Sometimes we face such situations in our business that it becomes difficult to tackle. So in that situation, we take over our business to someone and not even business, so few business assets such as product departments, subsidiaries, property etc. This process is called Business divestiture.
Owners sell their assets with some hope that they will get some benefit in return and that benefit can be anything. Business divestiture also has many reasons that the business owner had lost his business and was unable to invest further for the growth of the business. Therefore, he gives the entire deposited business to someone and takes a better return.
Sometimes, what happens is that even after continuously investing in business, there is no profit. Even after investing money in the market for business improvement, the customer is not able to attract, so the business has to adopt the path of business divestiture.
It’s not that business divestiture is the sale of only business assets, we can sell the entire business for some motive. For example: Suppose you are running a business and you are facing losses continuously in business such as marketing, production, sales department after investing so much, now you want to wind up this business or take over someone. So then your expectations will also be some that you get some like money, shares, bonds, etc. So this is also known as business divestiture.
Type of Business divestiture
- Getting money: When business owner sells his business or some of his properties to solve some financial issues, manage or improve cash flow issues.

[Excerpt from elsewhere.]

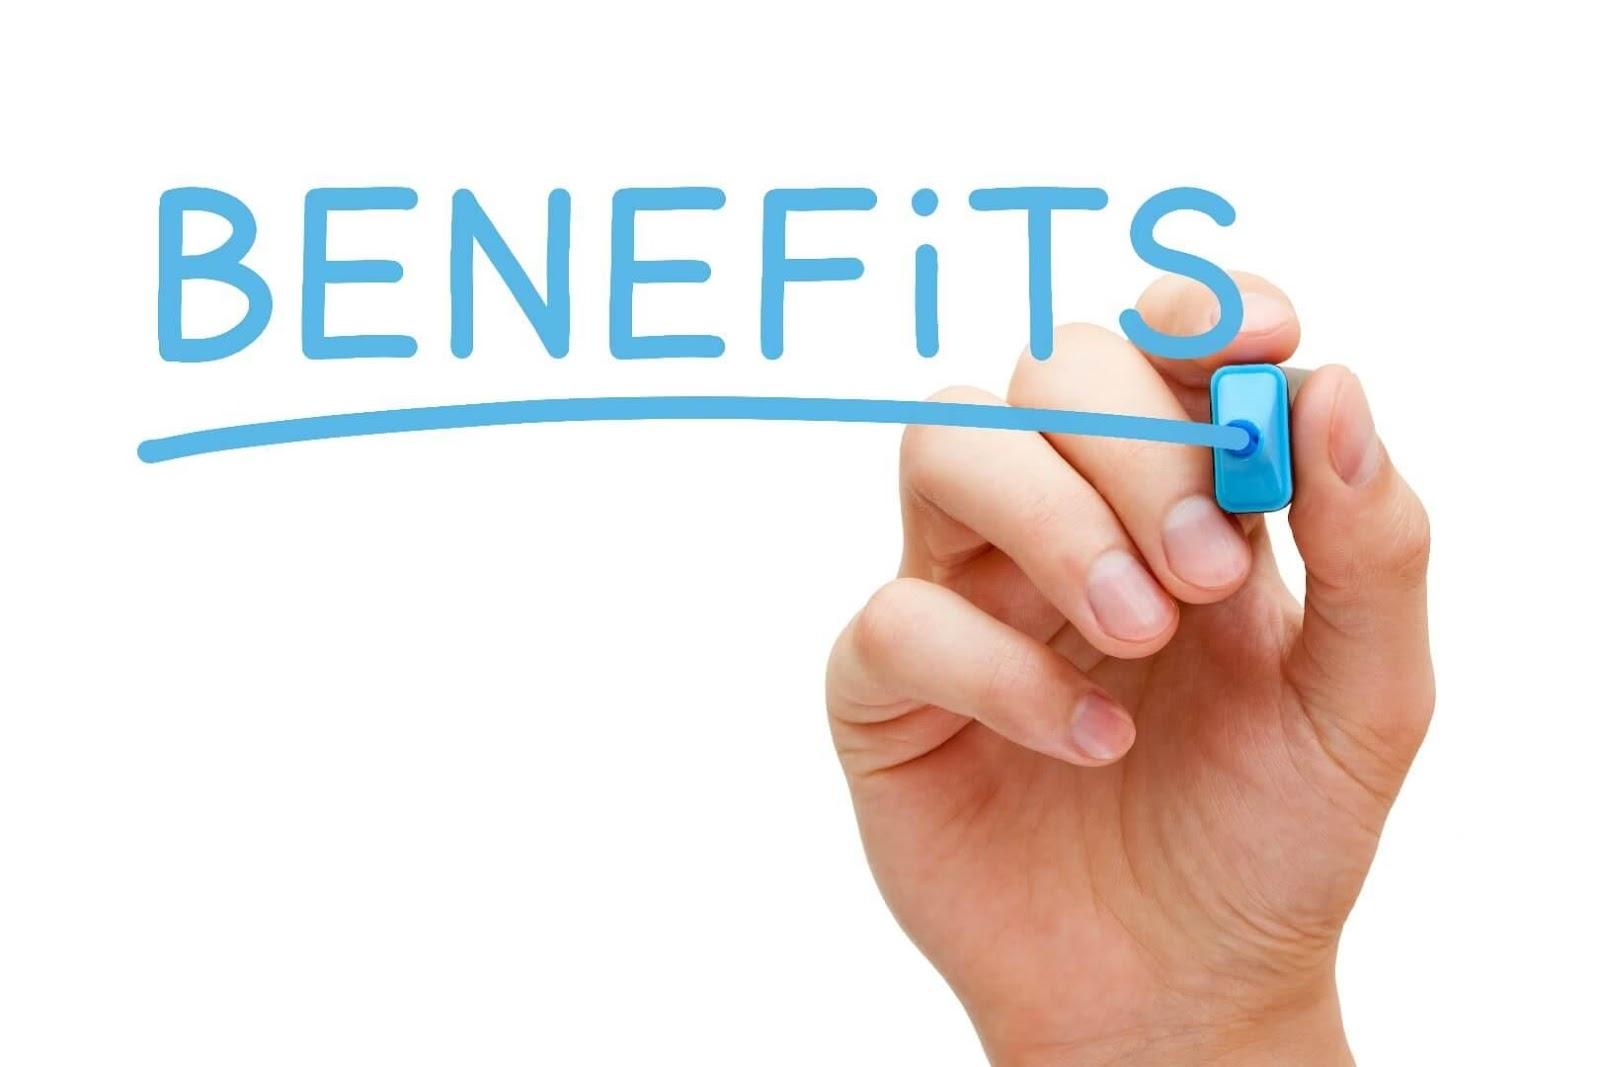 Benefits is written here.

For example you need money so you have to sell some equipment or property such as land.
- Bankrupt: Suppose you had taken a business loan and now you are unable to repay the instalments of business loan, you will be bankrupt, meaning whatever you have given to the bank in the form of security will be all theirs and the bank will take over the entire business. The business will be closed and the bank will sell it to anyone but the owner will not get anything such as money. This is called business bankruptcy.
- Take over an entire business to someone: Suppose you have a reputed business and now you don’t have enough money to run your business so now you want to take over your business to another one such as friends, other entrepreneur, firm, etc.

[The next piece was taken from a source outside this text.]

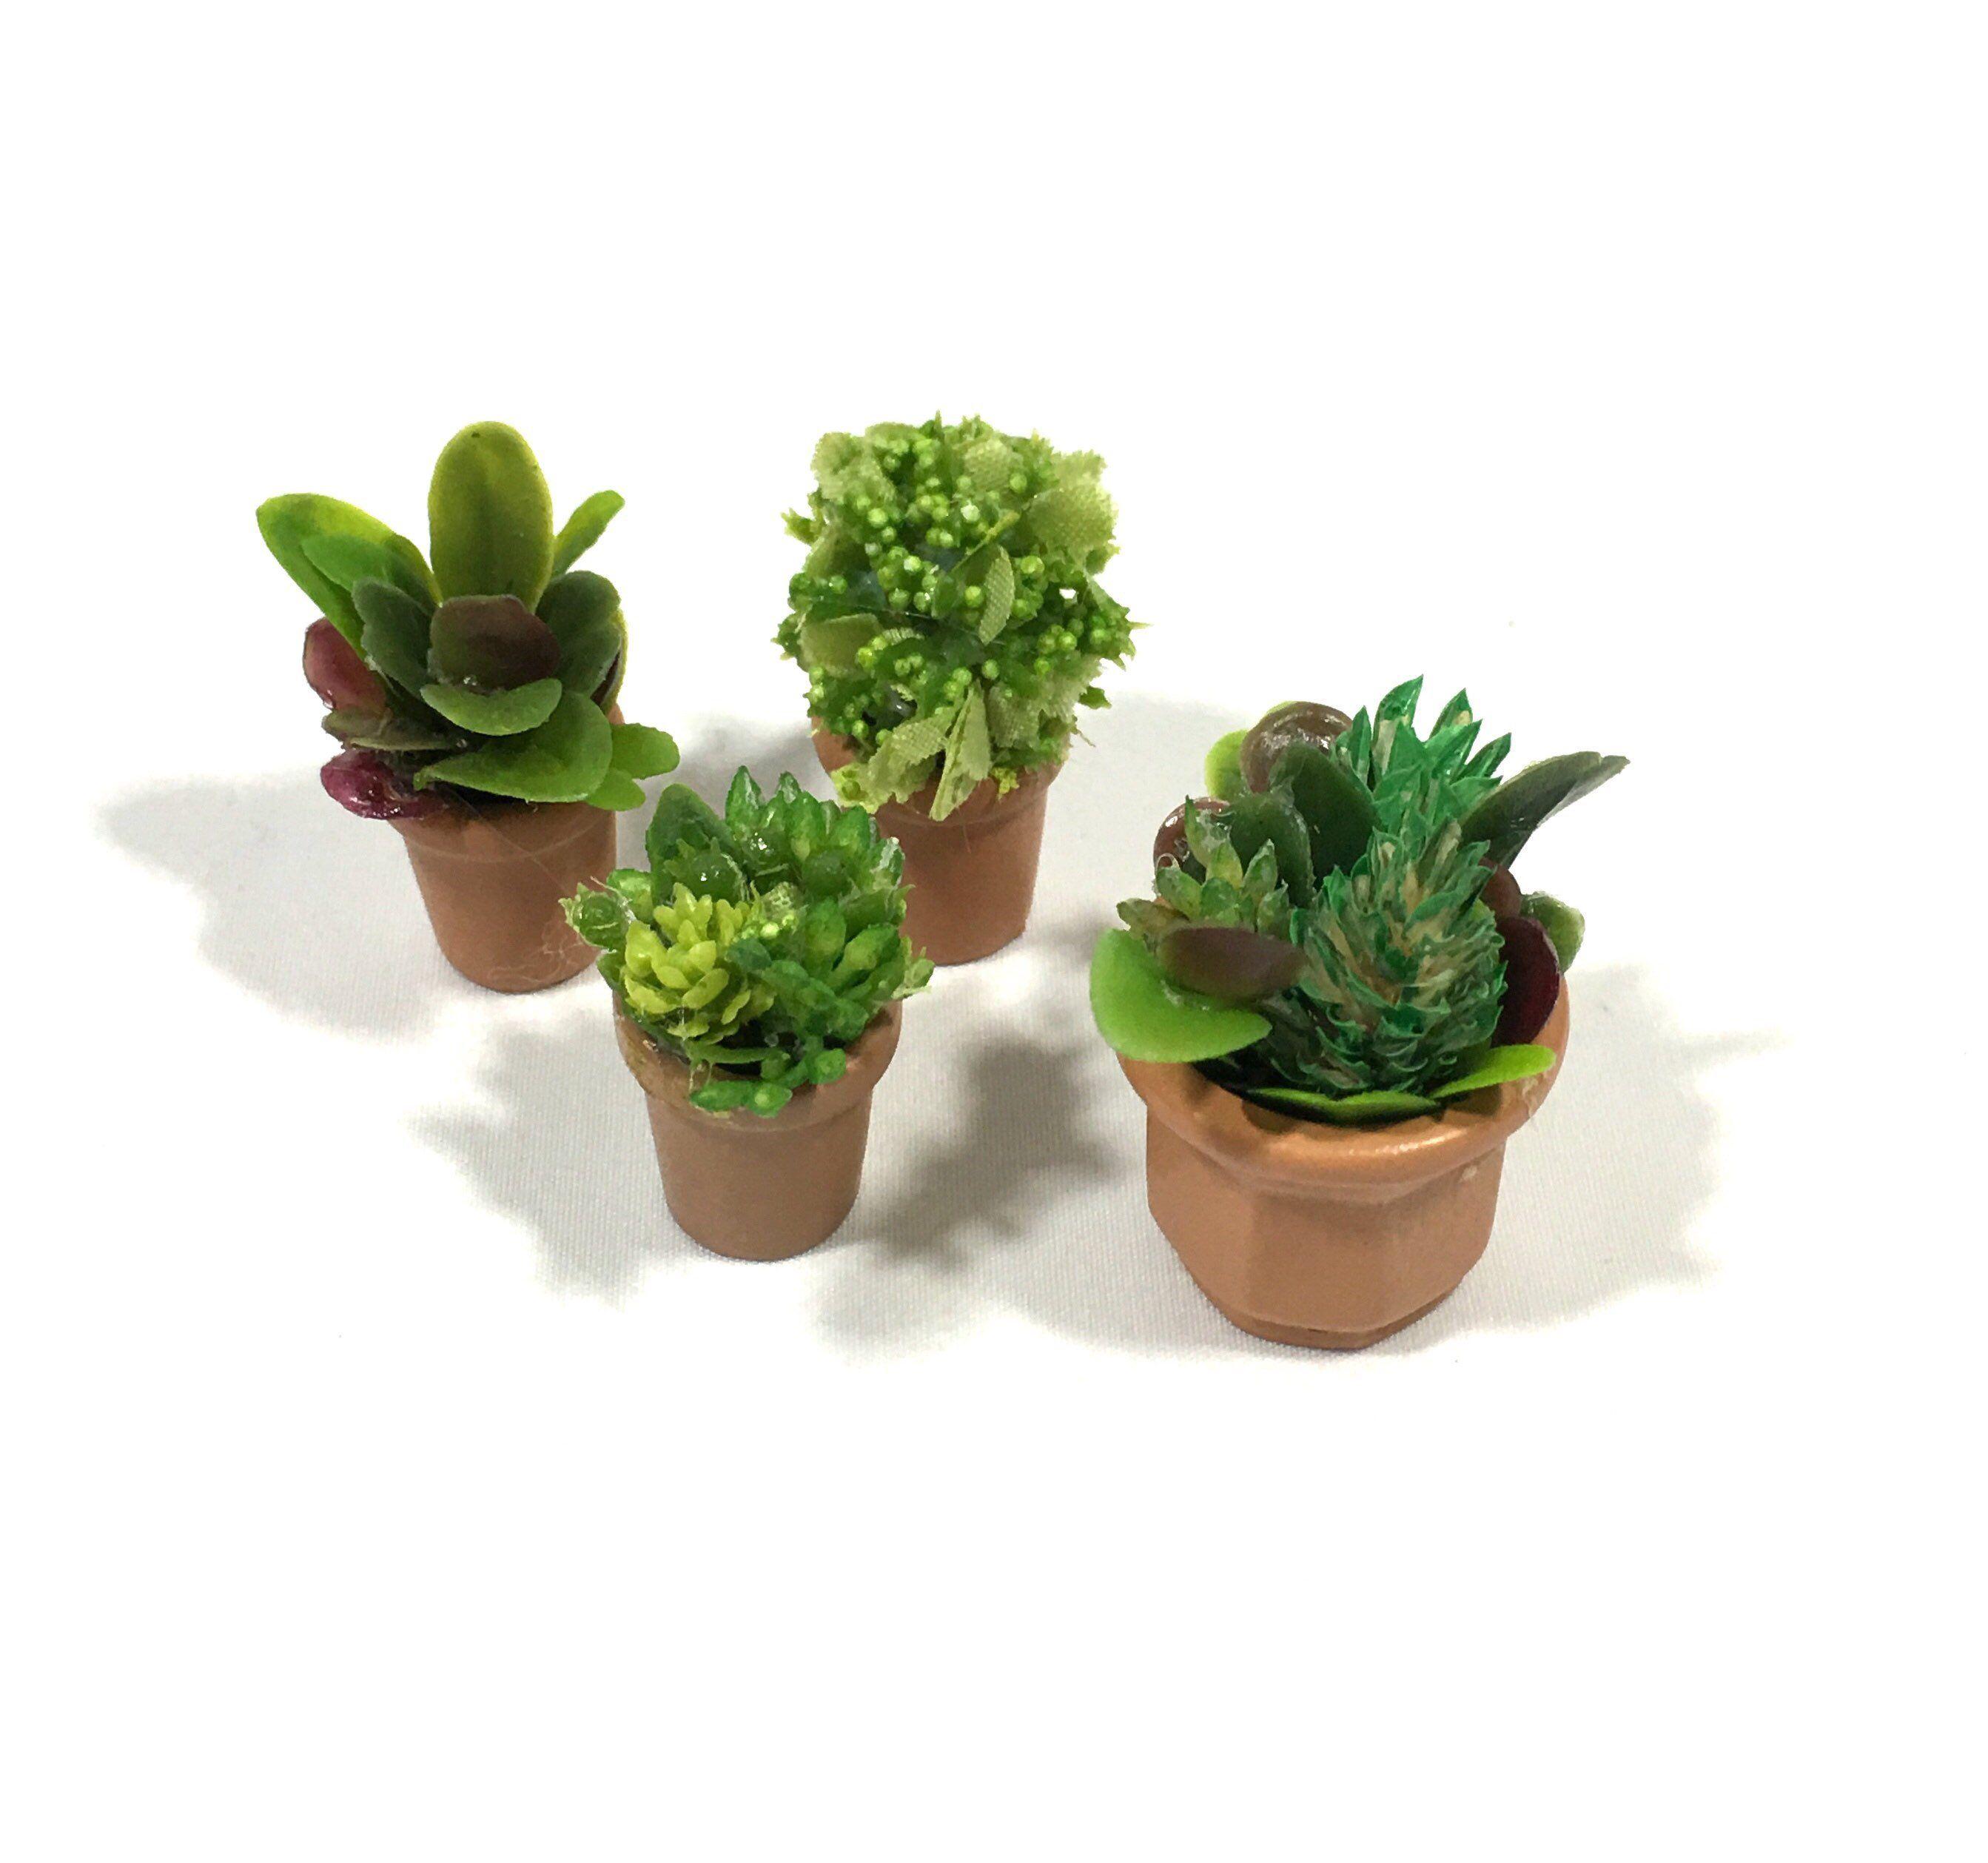 Dollhouse Potted Plant Miniature Fairy Garden

- Closing one branch: Suppose you are running your business in more than one location. In simple words, you have more than one branch of your business so now you want to close your one branch because more of your customers are at another branch location, they are not able to become more customers. This is also called business divestiture.

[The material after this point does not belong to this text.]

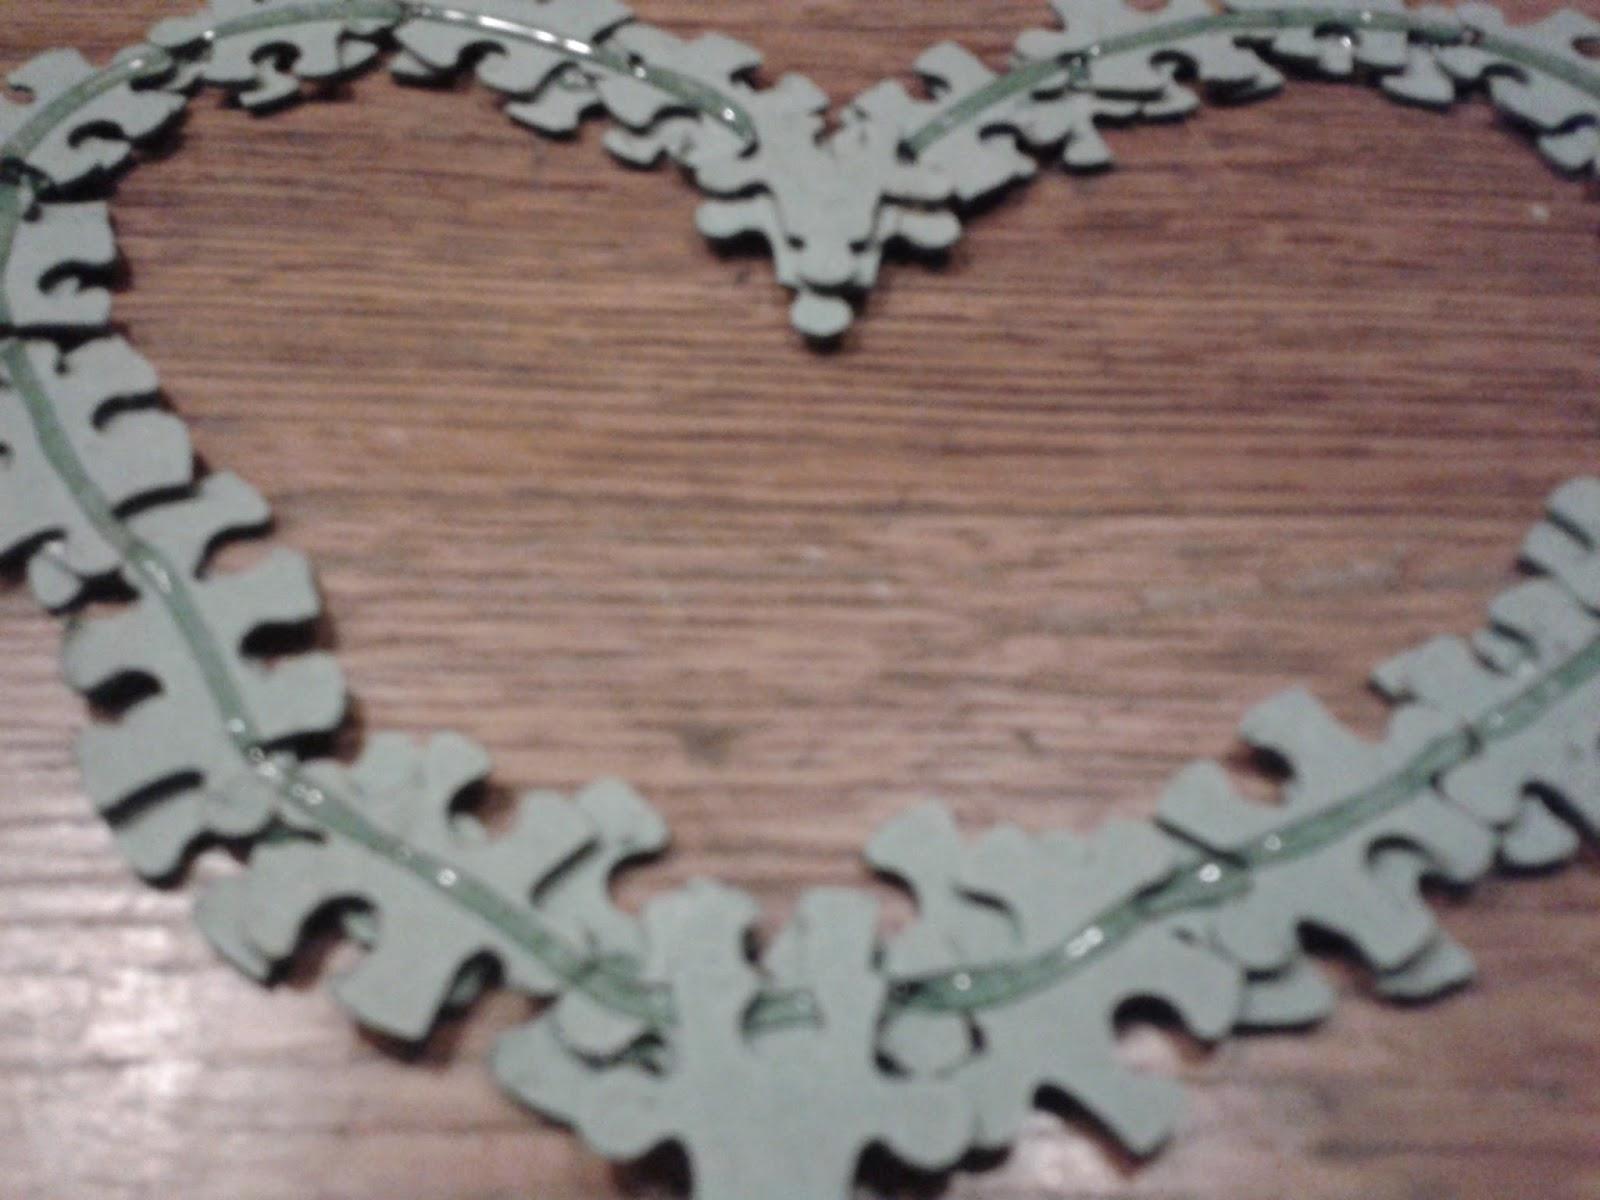 2014 03 18+20.21.33 - Hartje van puzzels

- Selling business assets: Suppose your production department is no longer doing well and you are not getting profit from it so you can focus on the new product or services, which means change your products for better production. This is also known as business divestiture.
Reasons of divestiture
- Lack of investment: Business divestiture happens only when the business owner doesn’t have money to invest so the business owner decides to sell some of his business assets to another firm or another one.
- Lack of talent: Business divestiture happens only when business owners are unable to put their mind on the right place, they need new ideas, technology to run the business.
- Drastic environment: Every business needs to be changed according to technologies, environment, strategies so sometimes the owner can’t adjust himself into these changes.